Он ушел с детьми на пляж. Маргарита села у окна, смотреть на них и на море. Она смотрела и ничего не видела. Жаль было Эрнста, славного, честного. Его убил еврей… Еврей убил немца. Провокация это или случайность – теперь не важно. Какова будет цена?

О погромах говорили повсюду, их ждали… Они, как торф, тлели под спудом, то и дело прорываясь наружу – оскорблениями, избиениями на улицах, разбитыми витринами – повсюду, где под пластами культурных наслоений тлел этот непроницаемо-дремучий, слежавшийся, первобытный слой. Но здесь, в Германии, он казался укрытым так надежно! Ведь одно дело – тявканье с трибун, злобные статейки, глупые, позорные законы! Все это шелуха, политический мусор, легко сметаемый ветрами, всегда обдувающими Германию. Другое дело, если этот сор попал в глаза, в головы немцев…

Утром восьмого они вылетели в Мюнхен.

День 9 ноября отмечался теперь как годовщина легендарного «Пивного путча» 1923 года – самый грандиозный, значимый и торжественный праздник, кульминация всех годовых торжеств.

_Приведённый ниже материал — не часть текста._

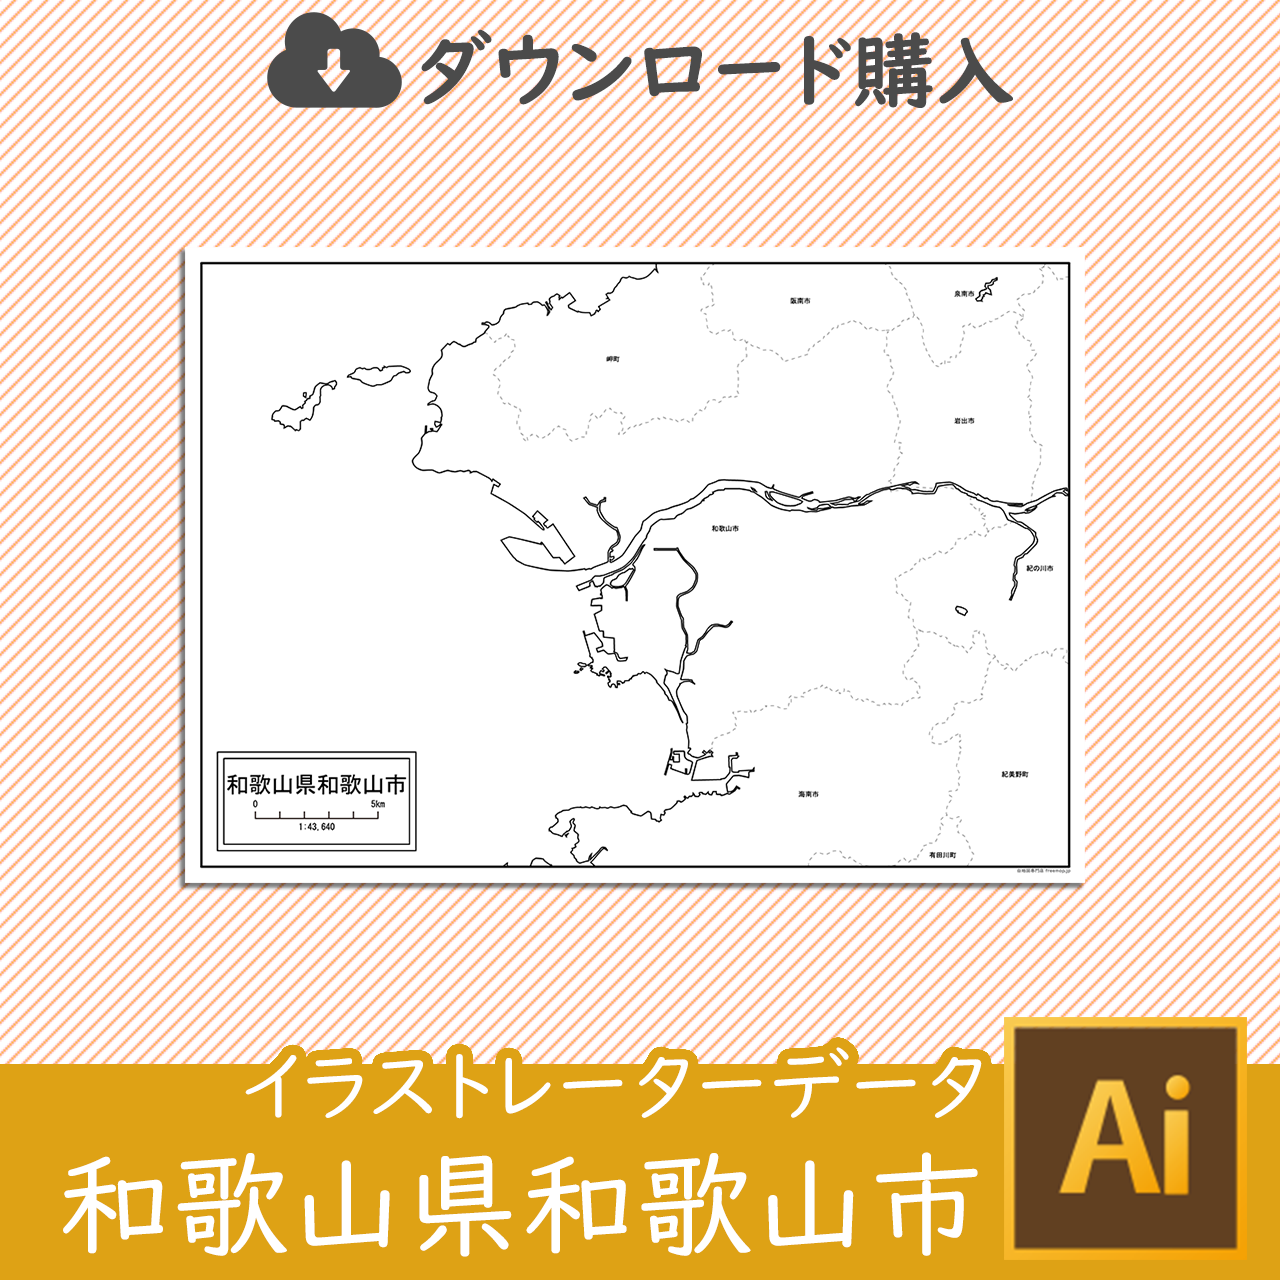 和歌山市のaiデータのサムネイル画像

Маргарита никогда не посещала этих мероприятий, обычно пережидая их где-нибудь на максимальном отдалении. Но теперь удержать детей дома в переполненном людьми, гремящем и поющем Мюнхене оказалось невозможно. Генрих прямо заявил свои права: «Там папа и дядя Рудольф, я тоже хочу». Анна его поддержала.

Маргарита привезла детей сразу на Одеон-плац, где уже горело 240 светильников, по числу нацистов, погибших до 1933 года. Колонна «старых бойцов» еще двигалась от пивной «Бюргерброй», и вскоре стала видна ее «голова» – первая шеренга, в которой были Гитлер, Геринг и Гесс. Перед фюрером шествовал Юлиус Штрайхер со «знаменем крови». В шеренге фюрера шли его главные соратники, называемые «группой фюрера», через промежуток, за ними, – шеренга «старых бойцов», кавалеров «ордена крови», затем – шеренга рейхсляйтеров, гауляйтеров, крейсляйтеров и так далее, по степени важности в партийной иерархии.

Когда это шествие приблизилось к площади Одеон, ударили барабанщики. Началась «последняя перекличка», которую проводили у пантеона павшим – «Фельдхернхалле», около которого стоял в траурном строю Гитлерюгенд. Все смолкло. Геринг в эффектной тишине выкрикивал поочередно шестнадцать имен погибших в 1923 году нацистов, а мальчики отвечали звонкими голосами: «Здесь!» Затем к пантеону возложили гигантские венки. Начались речи, и первой – речь фюрера. Все это выглядело красиво, умиляло, хотя тех шестнадцать погибших едва ли кто помнил в лицо.

Дети глядели восторженно, старались подпевать, запоминая слова «Хорста Весселя». Генриху очень хотелось пройти в колонне с горящим факелом, но этого намерения не поддержал даже отец. Лей сказал сыну, что «прежде чем что-то делать, нужно понять, что ты делаешь» и что здесь «не карнавал». Мальчик не принял этого объяснения и продолжал настаивать. Он проявил небывалое упорство и самостоятельность, обратившись напрямую к Шираху, попросив позволения ему с другом встать в колонну.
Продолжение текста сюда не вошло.